Un discorso che è andato oltre il dolore personale, facendosi denuncia e richiamo a una cultura delle istituzioni fondata sul rispetto dei diritti e della dignità umana. “Bisogna mantenere alta l’attenzione sui diritti alla vita, anche del cosiddetto ultimo”, ha ribadito Lino, evidenziando come “chi quei diritti ha il compito e il dovere di farli rispettare, deve farlo dimostrando nel proprio agire che la violenza gratuita e ingiustificata non fa parte della sua cultura. Una cultura che purtroppo da tantissimo tempo vedo molto, ma molto carente, per non dire nulla”.

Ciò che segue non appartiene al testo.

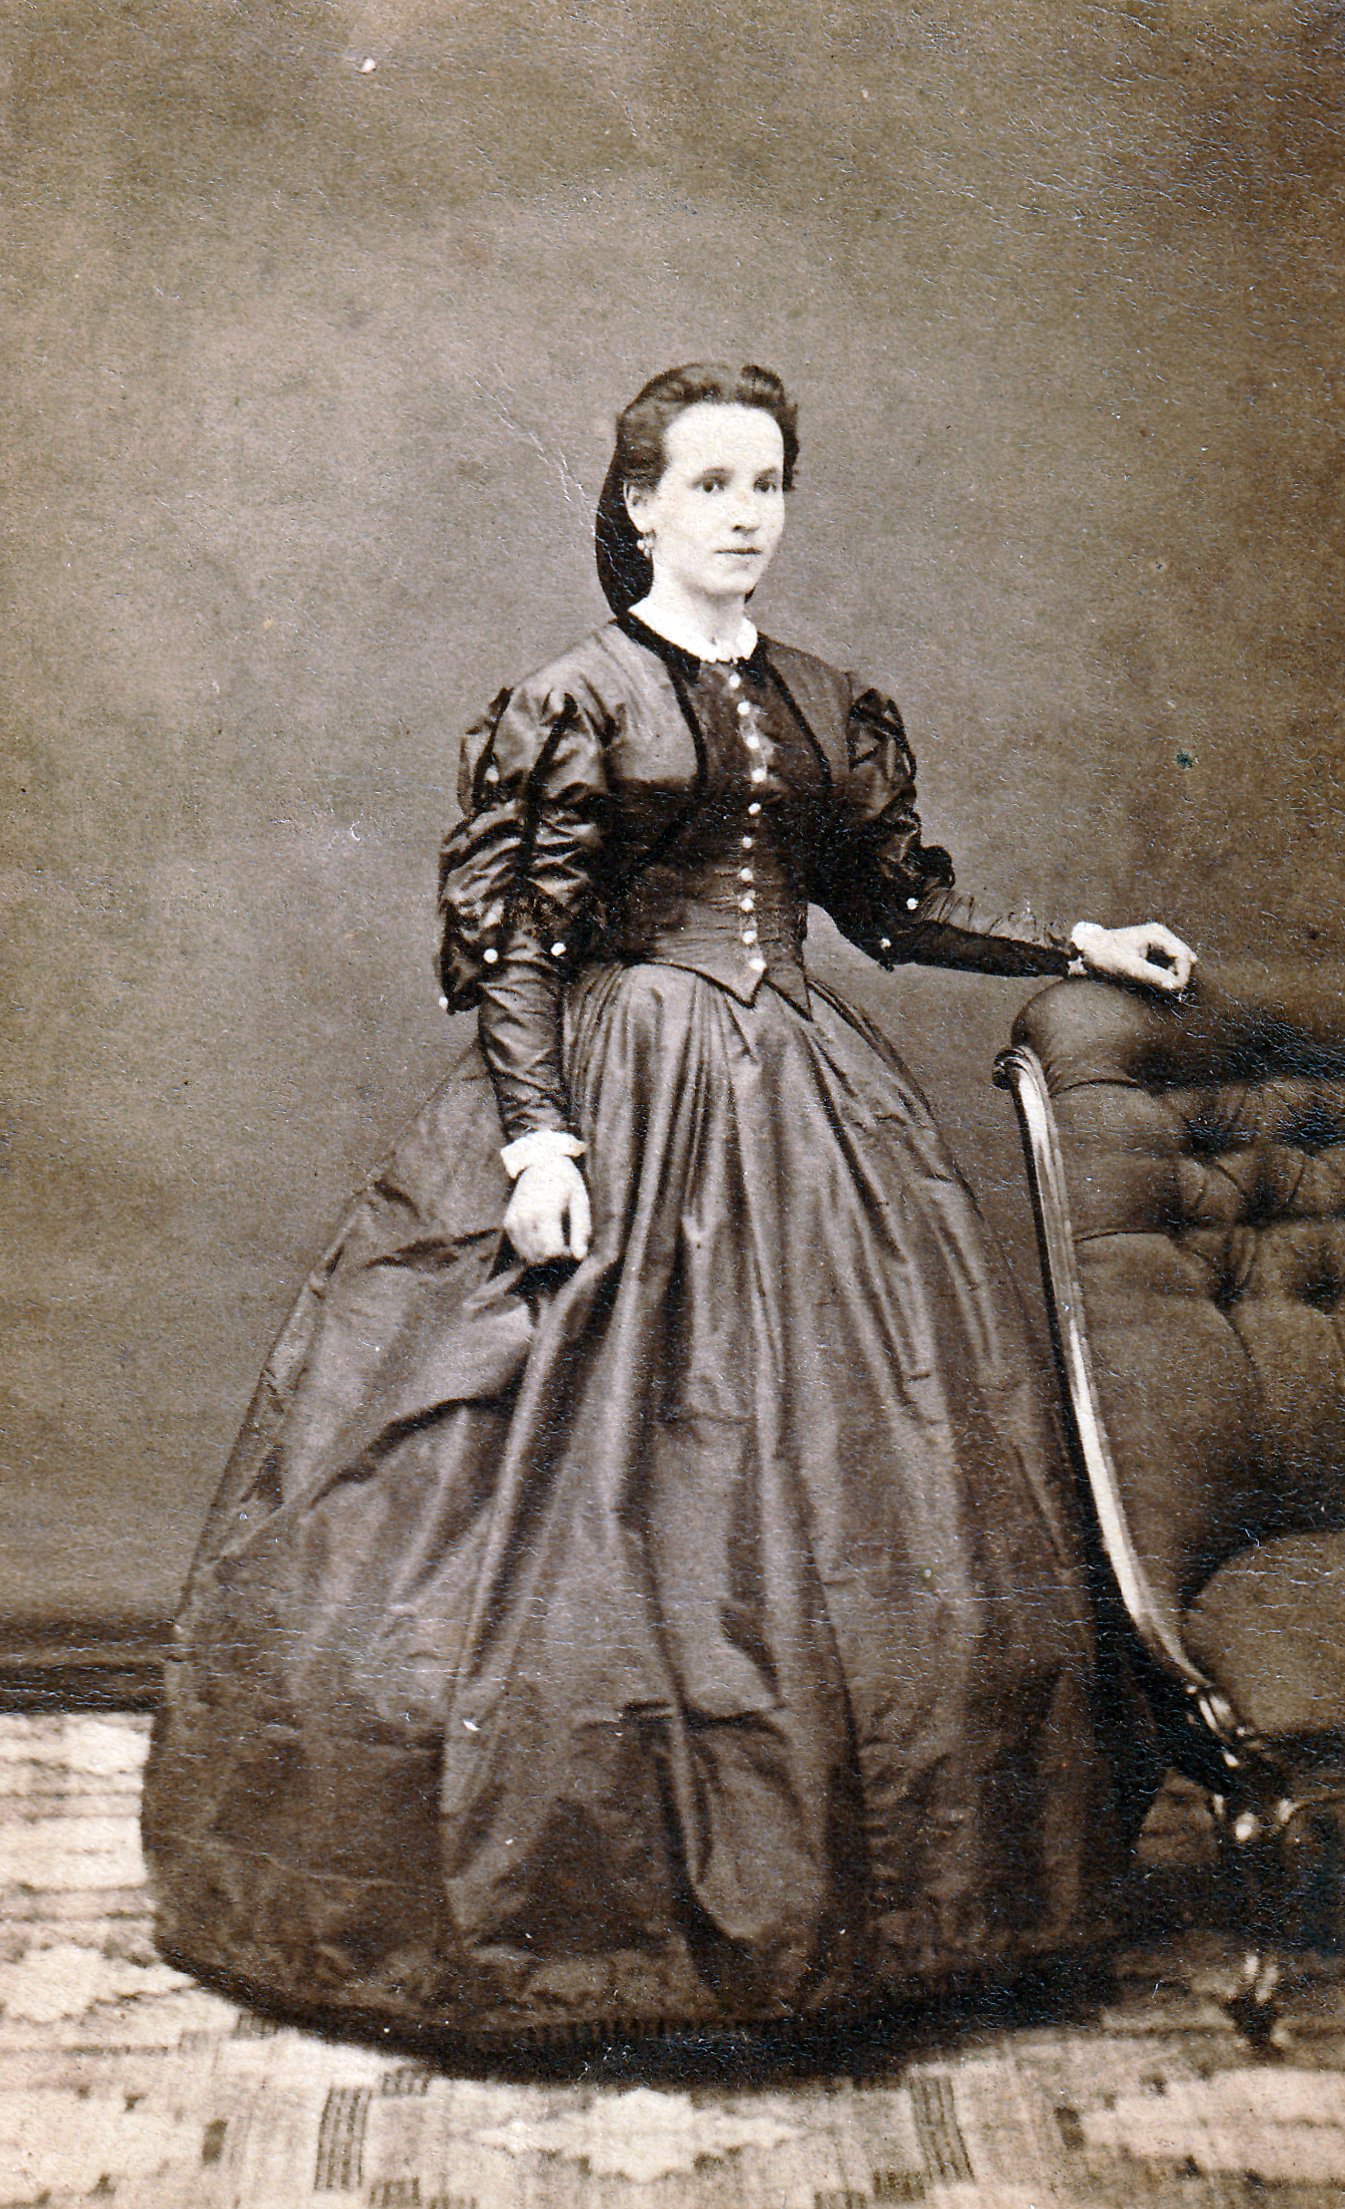 Studio portrait of a woman in dark dress with white buttons down the front. her right hand is resting on a dark chair

E poi, ha evocato Genova. “Vi dice niente se dico G8? Il 20 luglio ricorre il triste anniversario dell’uccisione di un altro ragazzo, Carlo Giuliani. Una storia diversa da questa, ma dove anche lì, in un lontano 2001, i diritti dei cittadini furono interrotti in tutto e per tutto con quella violenza gratuita e ingiustificata, priva completamente di quella cultura a cui facevo riferimento prima”.

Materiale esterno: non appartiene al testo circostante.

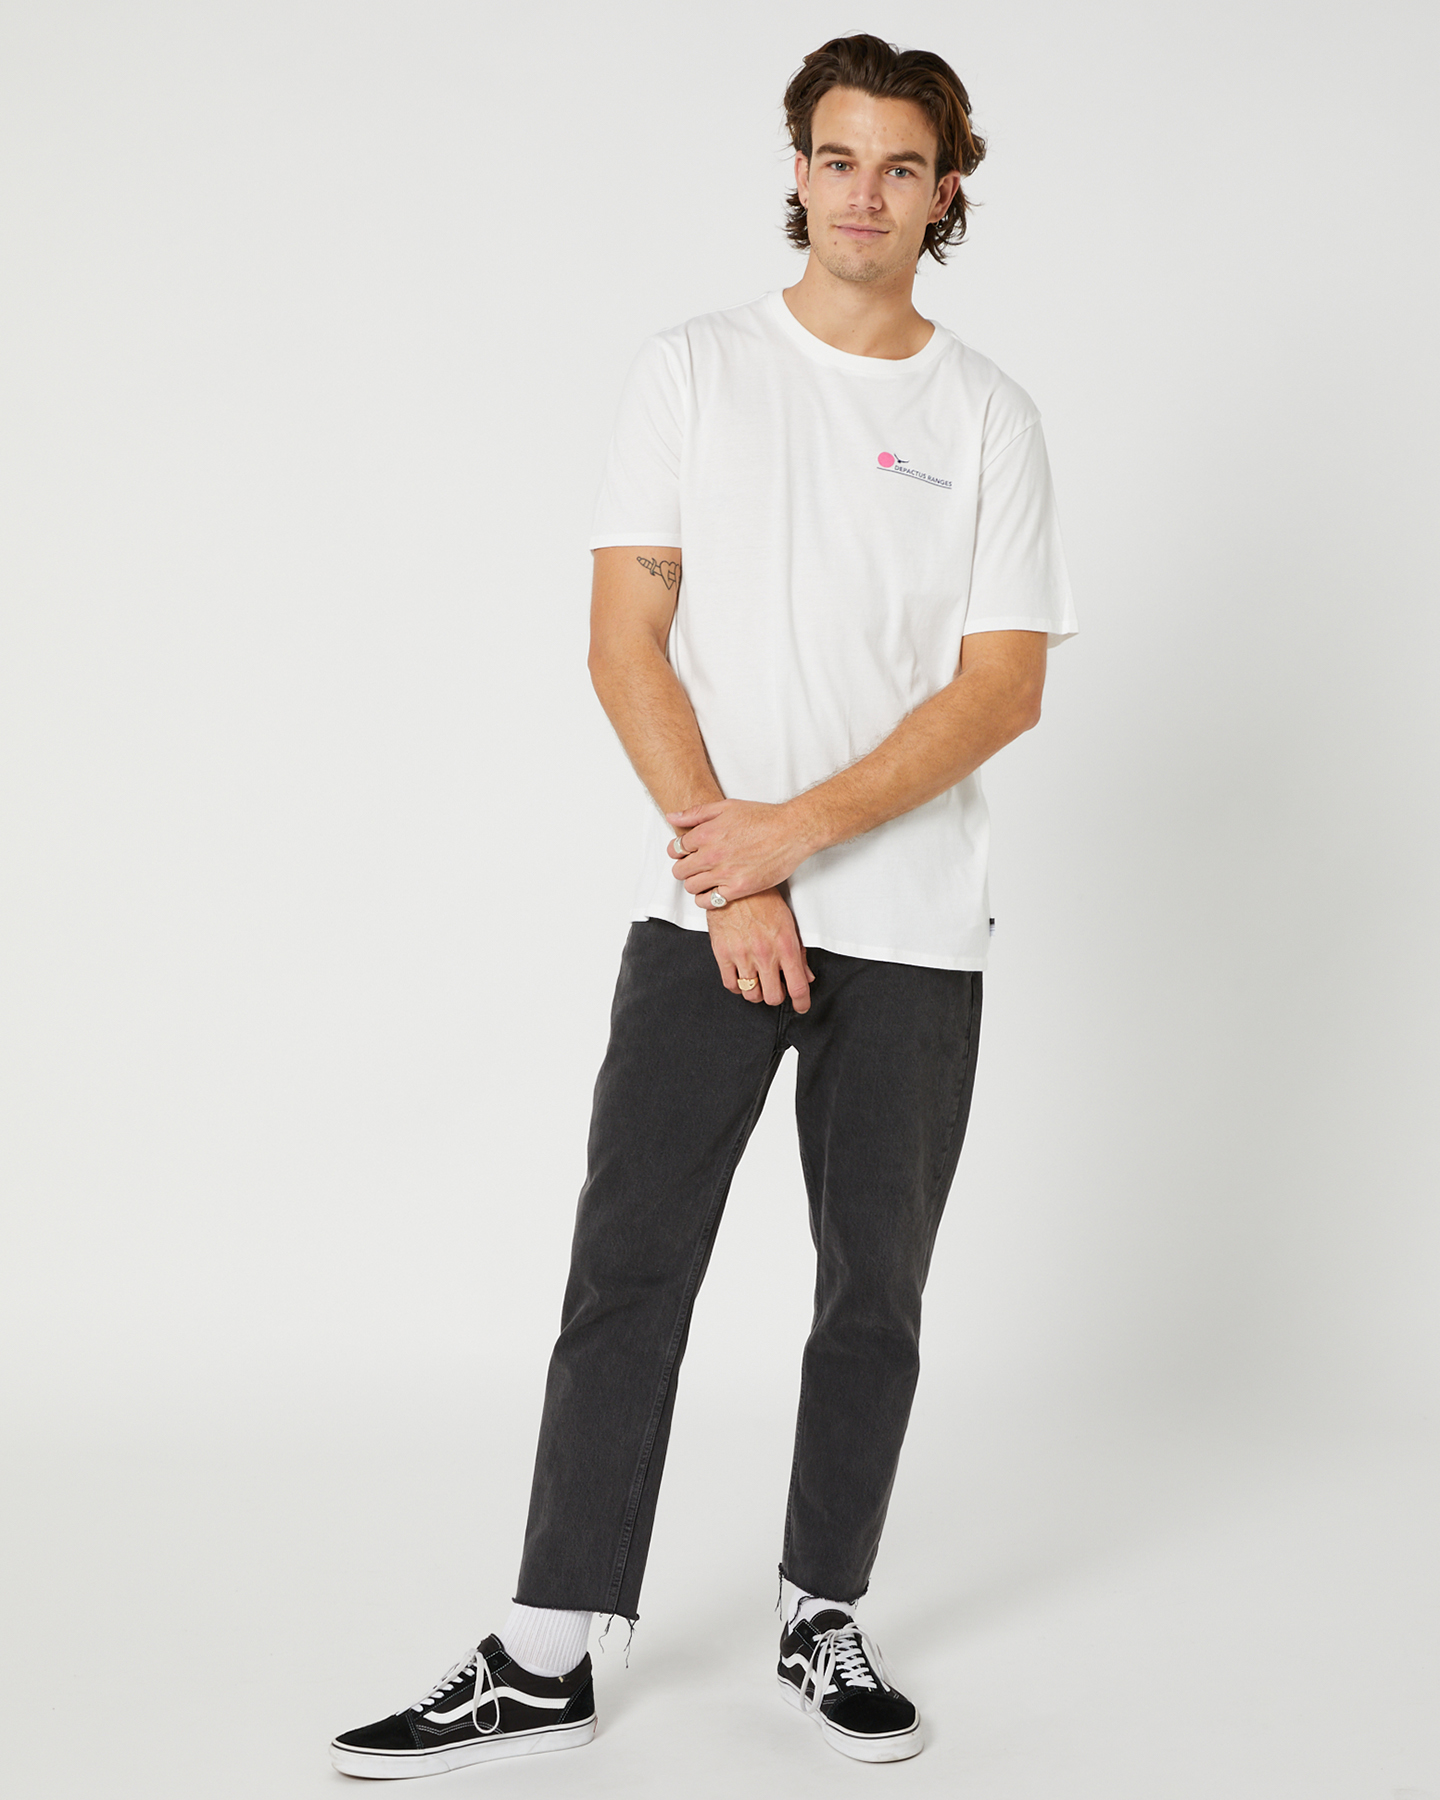 Depactus Ranges Ss Tee - Off White | SurfStitch

Lino non ha nascosto la rabbia né la frustrazione per l’assenza di giustizia e di responsabilità: “Viviamo in un mondo sempre più assurdo e violento, dove bestie con sembianze umane, dall’alto del loro potere, continuano a ordinare di uccidere generi innocenti come noi nel nome della civiltà e della salvaguardia della democrazia. Massacrando, di fatto, quella parola di quattro lettere, semplice e immensa: vita”.
Ha ricordato, infine, quanto per lui, e per Patrizia Moretti, madre di Federico, e per la loro famiglia il mondo fosse “meraviglioso”, fino a quando la brutalità non si è abbattuta su di loro. “Pochi uomini, con il potere di decidere sul destino delle persone che lo abitano, vorrebbero farlo apparire come bastardo, assassino. E ci stanno riuscendo benissimo”.
Infine, prima di chiudere e abbracciare idealmente la folla raccolta al Black Star, ha lasciato echeggiare una parola tanto semplice quanto deflagrante nella sua crudezza, rivolta a chi ha privato Federico, Carlo, e tanti altri, del diritto più elementare: “Maledetti”.